Start of Block

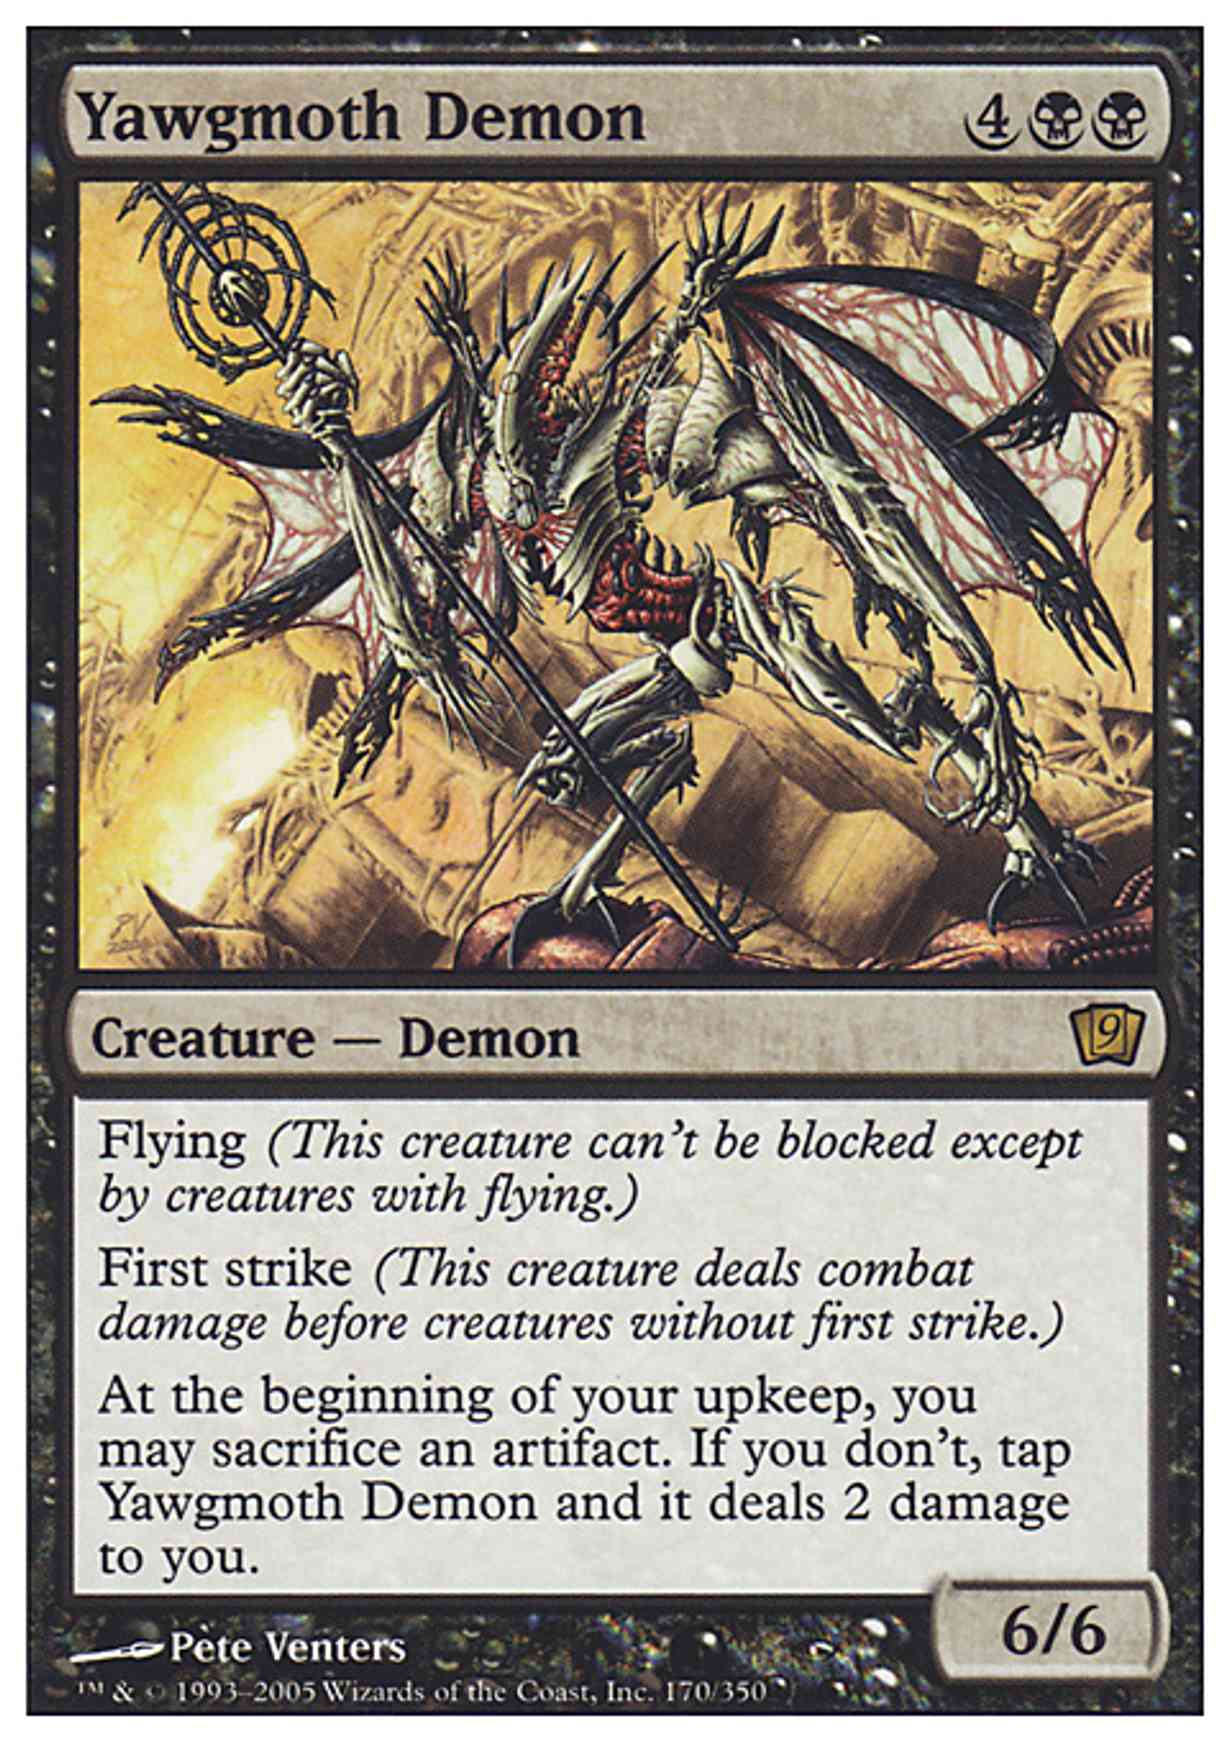 Yawgmoth Demon magic card front
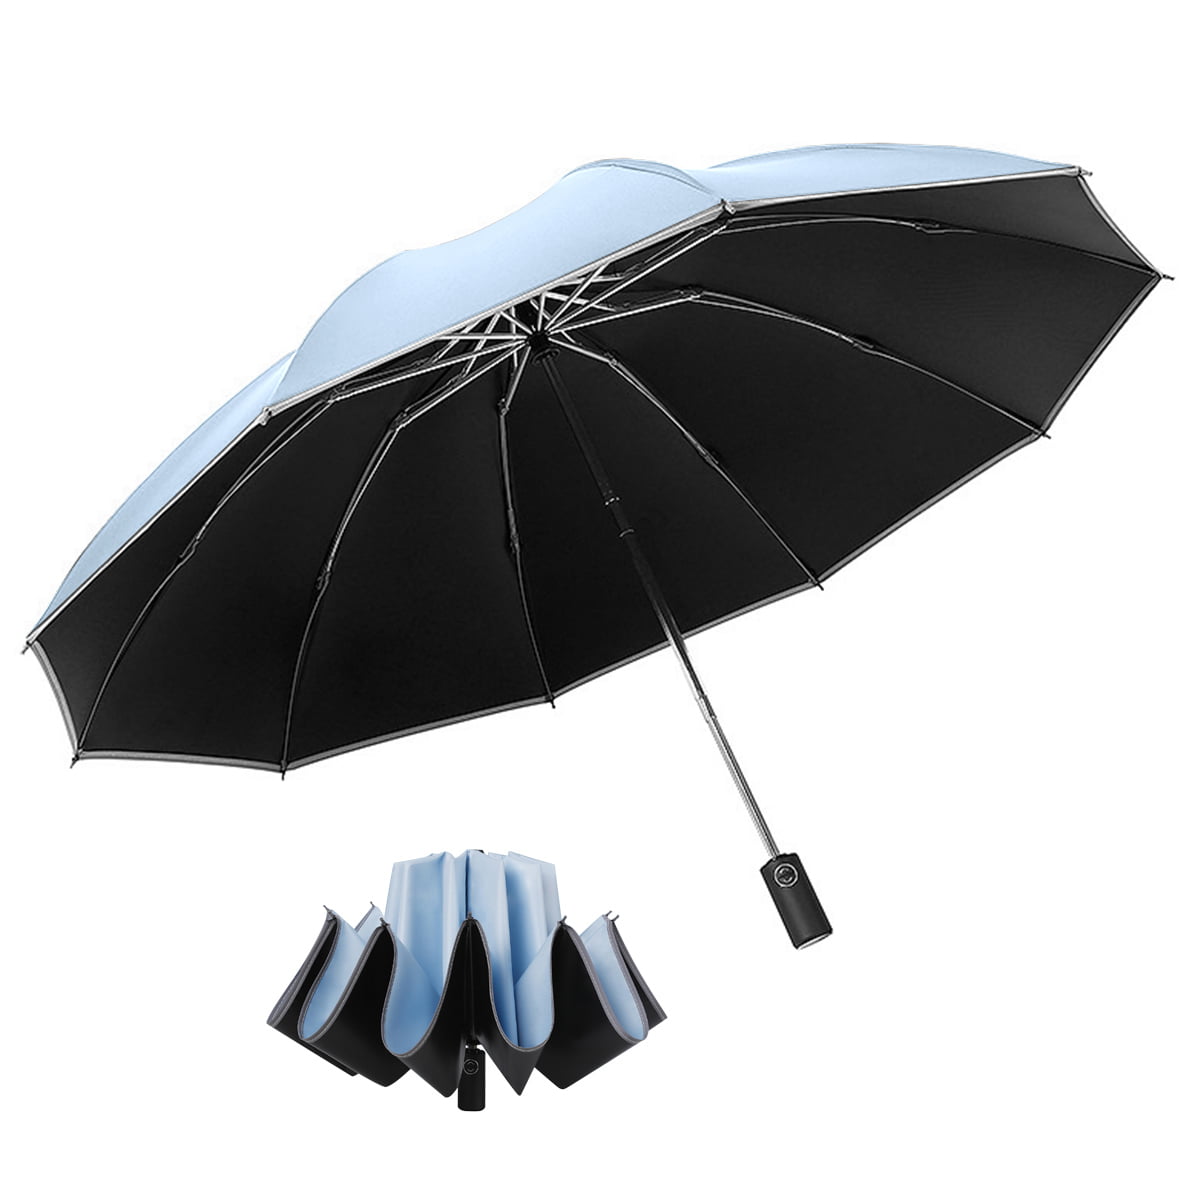 Travel Umbrella Windproof,Auto Open Close Lightweight Compact Folding Umbrella with Teflon Coating 10 Rib Construction for Men Women 
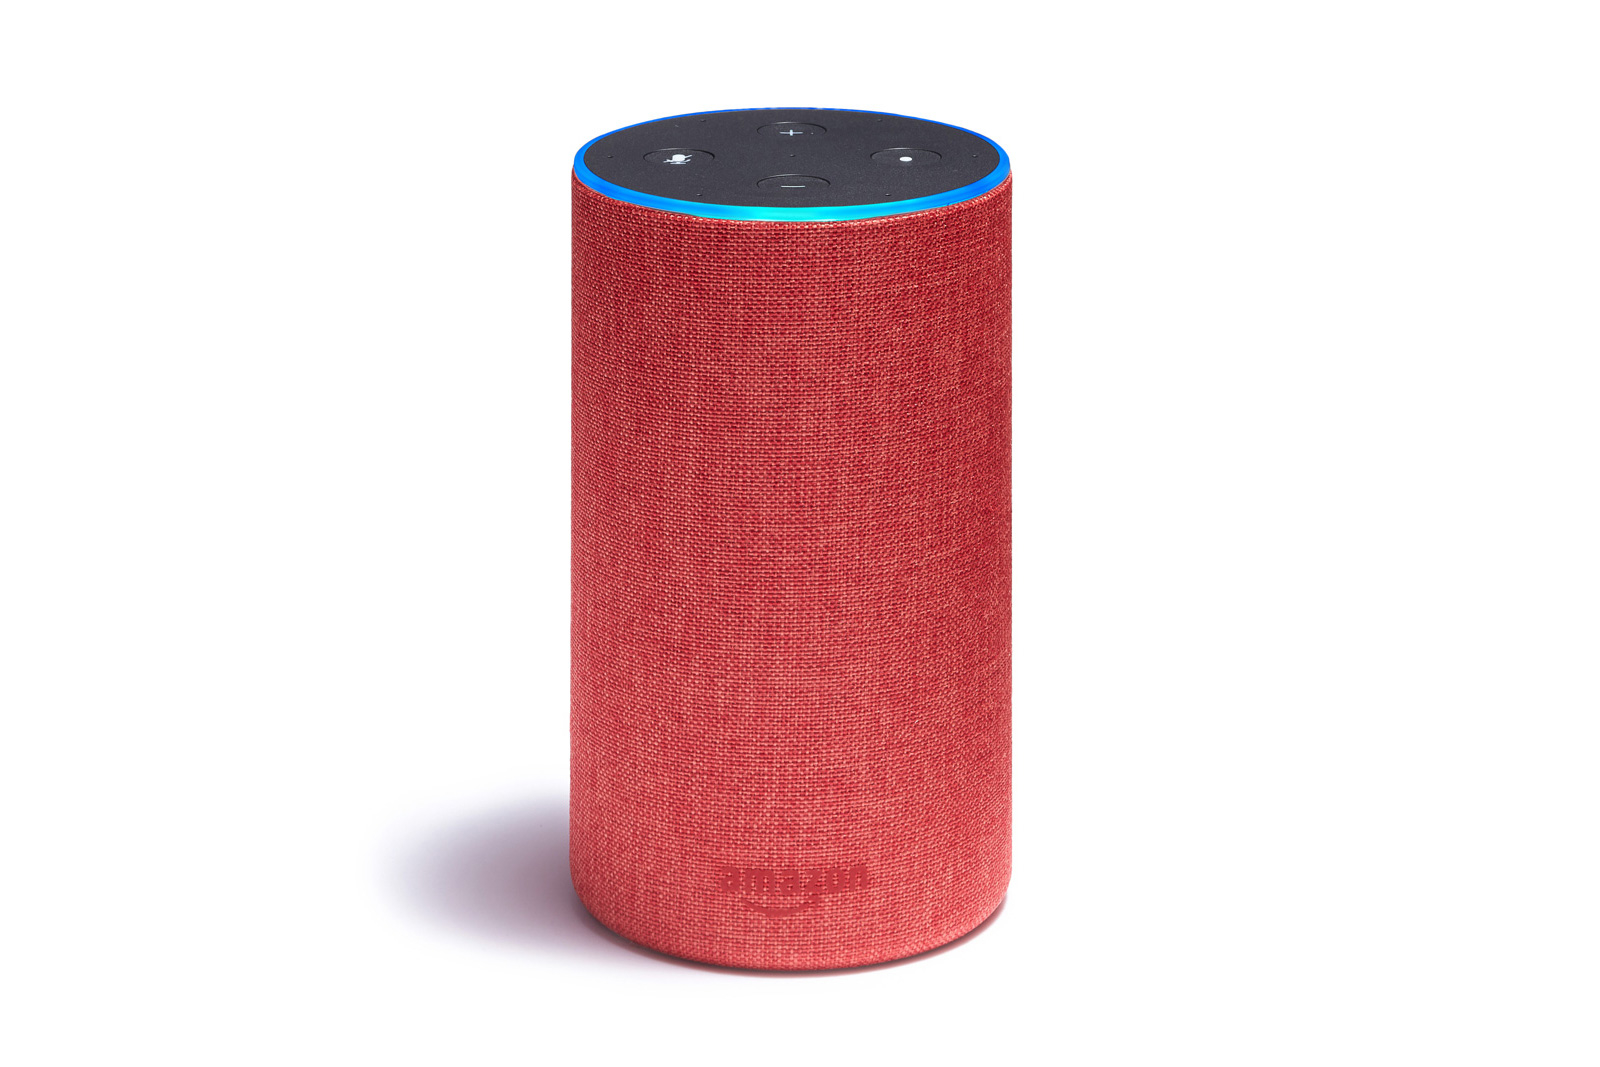 Представлена умная колонка для дома Amazon All-new Echo Product (RED) edition
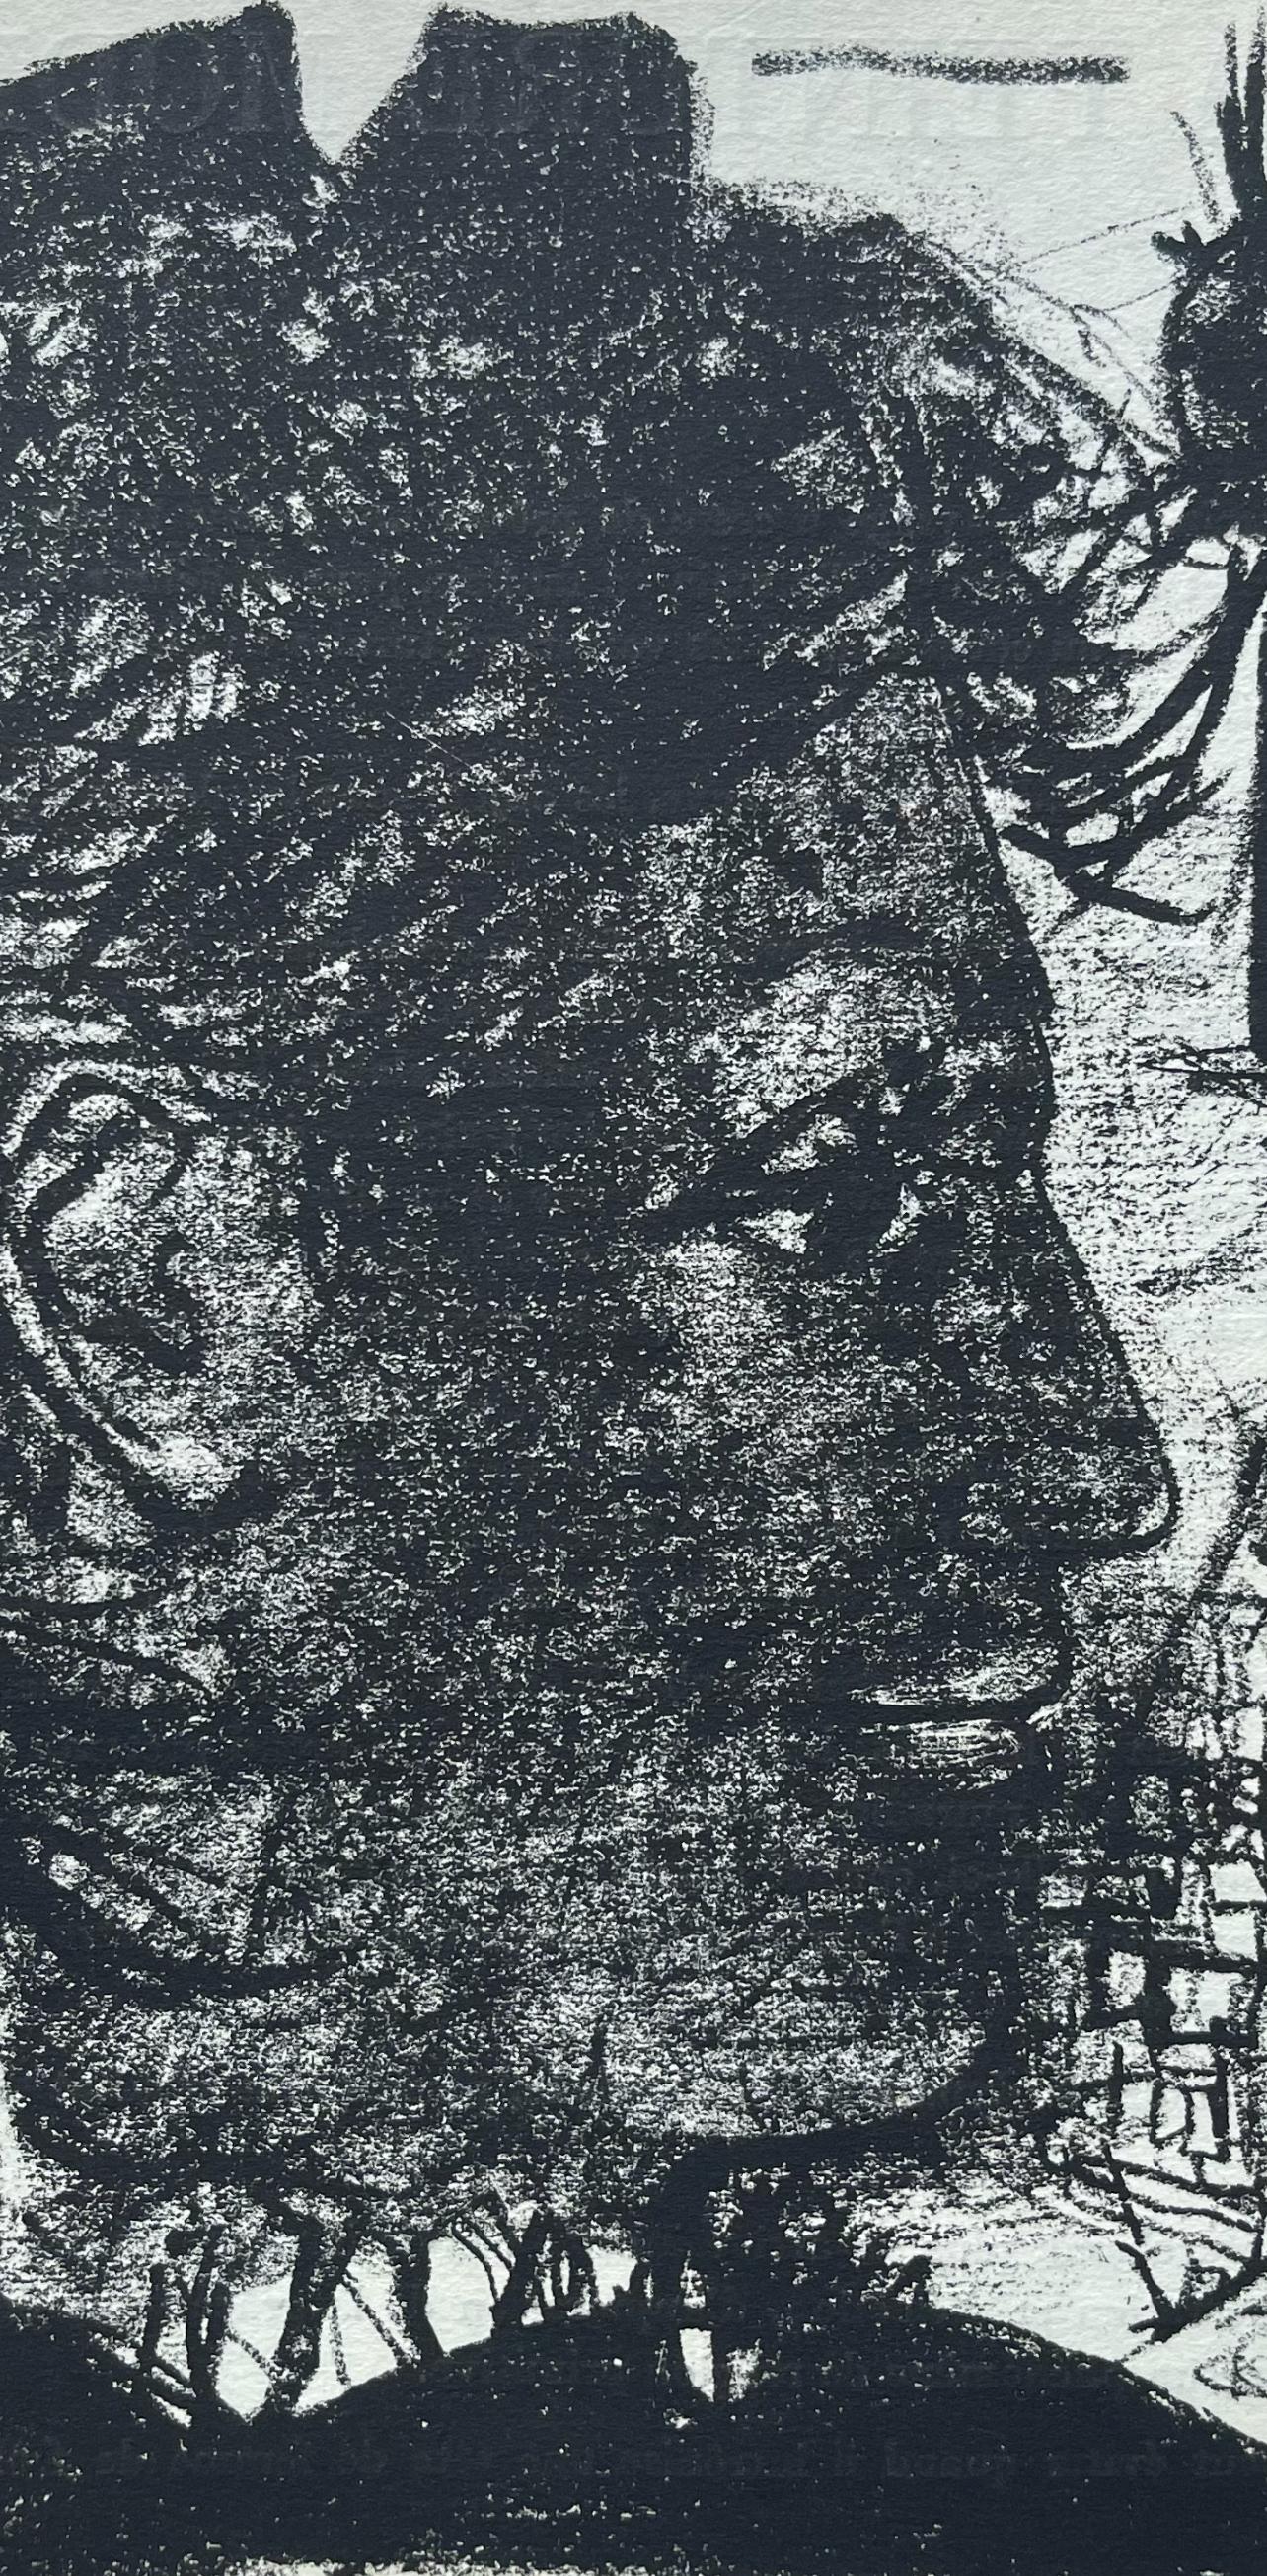 Marchand, Composition, pierre ã feu provence noire  (after) - Print by André Marchand

End of Block

◆ Task directions
Find the line containing "Представлена умная колонка", then extract it and every line after it to the end of the data above, exactly and nothing else, without pictures.

◆ Exercise response
 Представлена умная колонка для дома Amazon All-new Echo Product (RED) edition
 Marchand, Composition, pierre ã feu provence noire  (after) - Print by André Marchand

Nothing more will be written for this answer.